At 2:00am, April 27, 2016, 863-program sounding rocket "Kunpeng-1B" for vertical sounding test of space environment was launched from the launching site of CAS Hainan Sounding Dept. in Danzhou City, Hainan Province, successfully gaining in-site sounding data of ionopause for the first time and reporting great success in test of multiple technologies. The fiber optic gyroscope developed independently by XIOPM Center for Optical Fiber Inertia Surveying and Transduction was successfully applied in the vertical sounding test of space environment once again after successful completion of China’s vertical sounding space environment and the first space science active experiment on April 5, 2013, remarkably achieving "Kunpeng-1B"attitude test task and making another contribution to China’s space environment sounding.
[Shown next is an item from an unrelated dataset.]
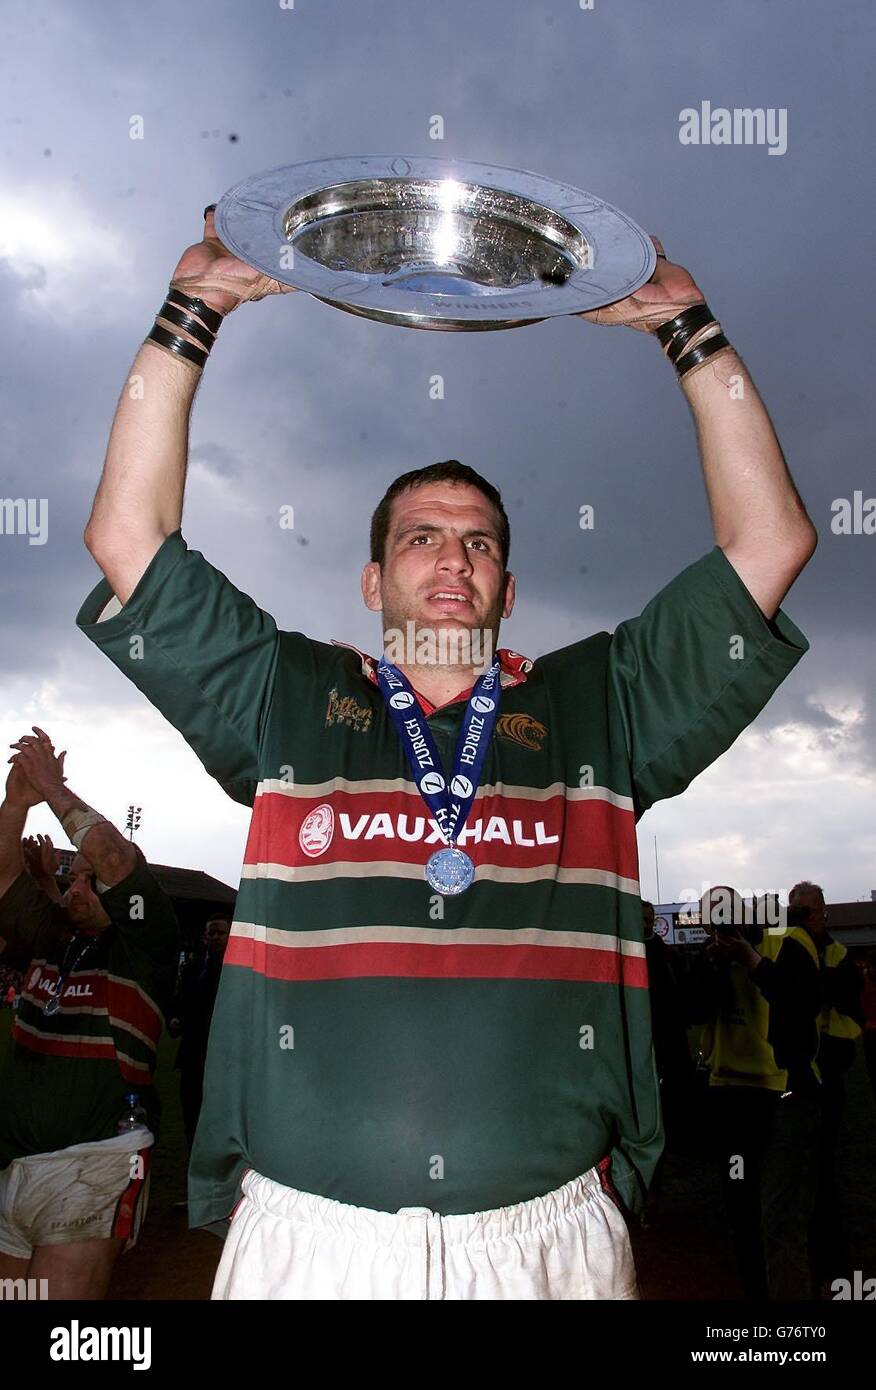 Leicester Tigers' captain Martin Johnson holds the Zurich Premiership Trophy aloft after clinching the title after todays 20-12 victory over Newcastle Falcons in the Rugby Union Zurich Premiership match at Leicester's Welford Road ground. Stock Photo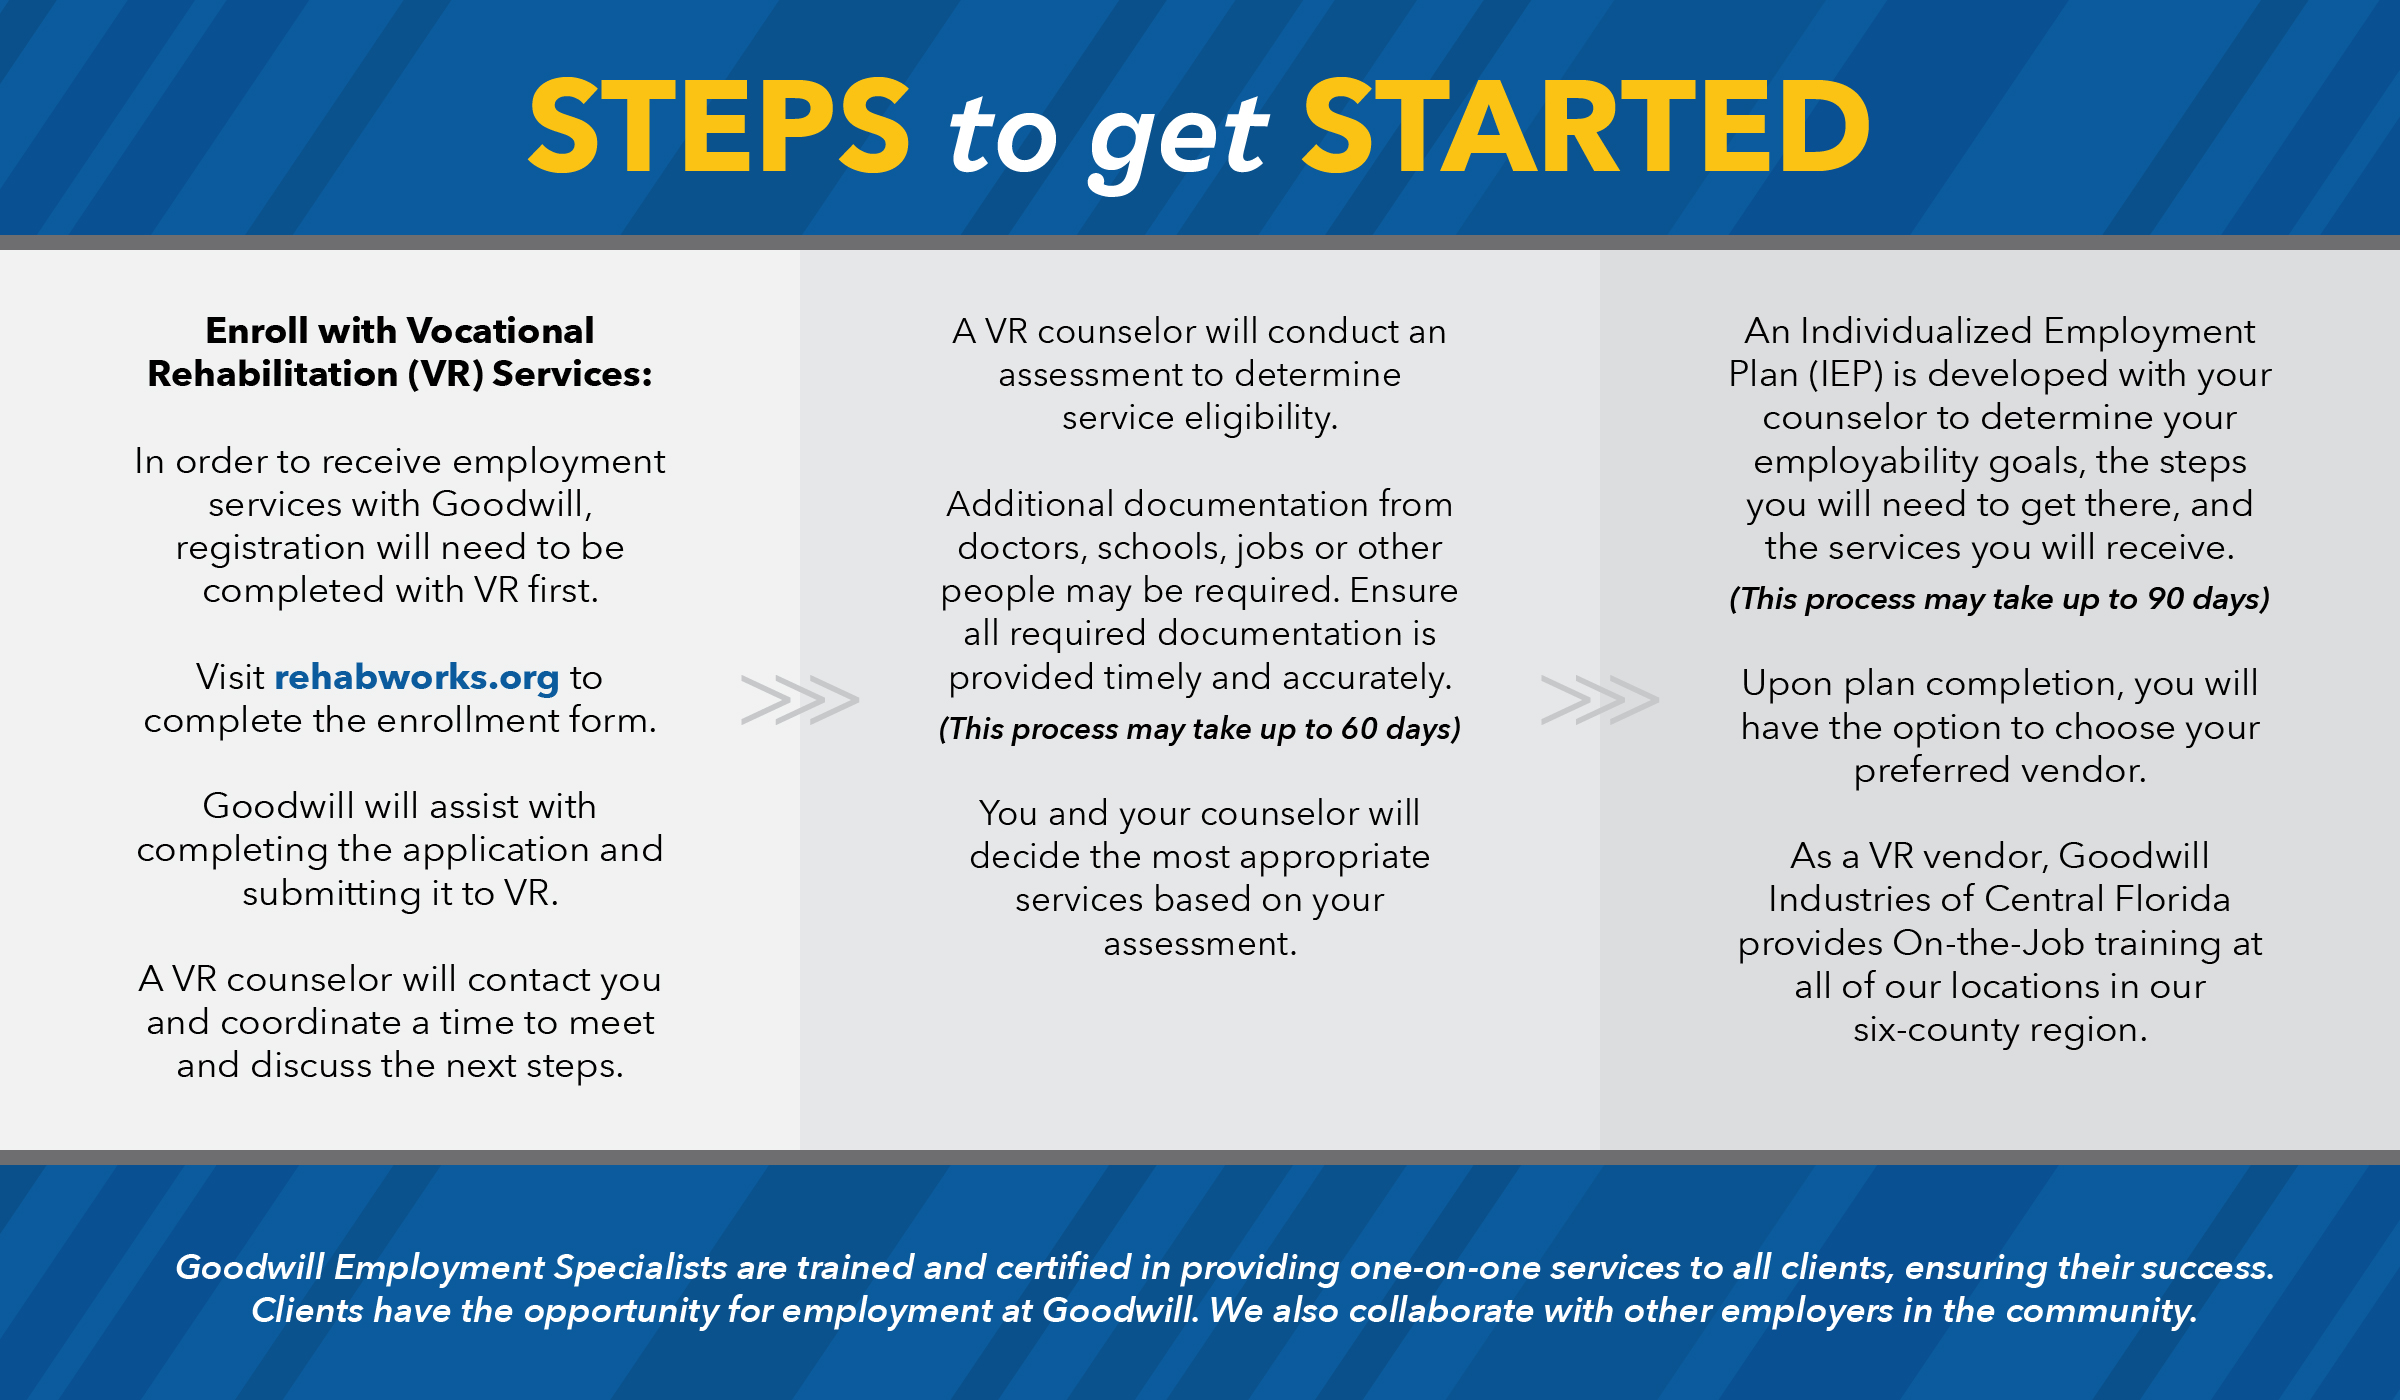 Steps to get started with Goodwill Vocational Rehabilitation services.

It is known that sounding rocket is an effective sounding tool for space sounding and scientific test, and characterized by advantages of lost cost, short development cycle and less limitation to launch time compared with other sounding approaches. Using sounding rocket can realize vertical sounding of structural composition of atmospheres and parameters, and research ionosphere, geomagnetic field, cosmic ray, solar ultraviolet and X ray, meteoric dust and other sun-earth physical phenomena in direction of height. Meanwhile, it can provide corresponding background information for development of space tourism and super-high-speed air vehicle in the space of the ionosphere in the future.
In this launch, fiber optic gyroscope as a key component in attitude control system real-timed measured rocket parameters of angular velocity and linear velocity, etc, real-time transmitted to the ground the information on attitude and angle of yaw of rocket flying, successfully completed rocket attitude tracking and measurement task, and powerfully guaranteed the sounding rocket to accurately collect space magnetic field and electric field vector data and space environment information on low-latitude region mid-upper-level atmosphere in ionosphere.
Successful completion of this test marks a breakthrough once again of our institute’s fiber optic gyroscope in operating height and environmental adaptability and stability in near space environment and lays solid foundation for application of our fiber optic gyroscope in space fields in the future.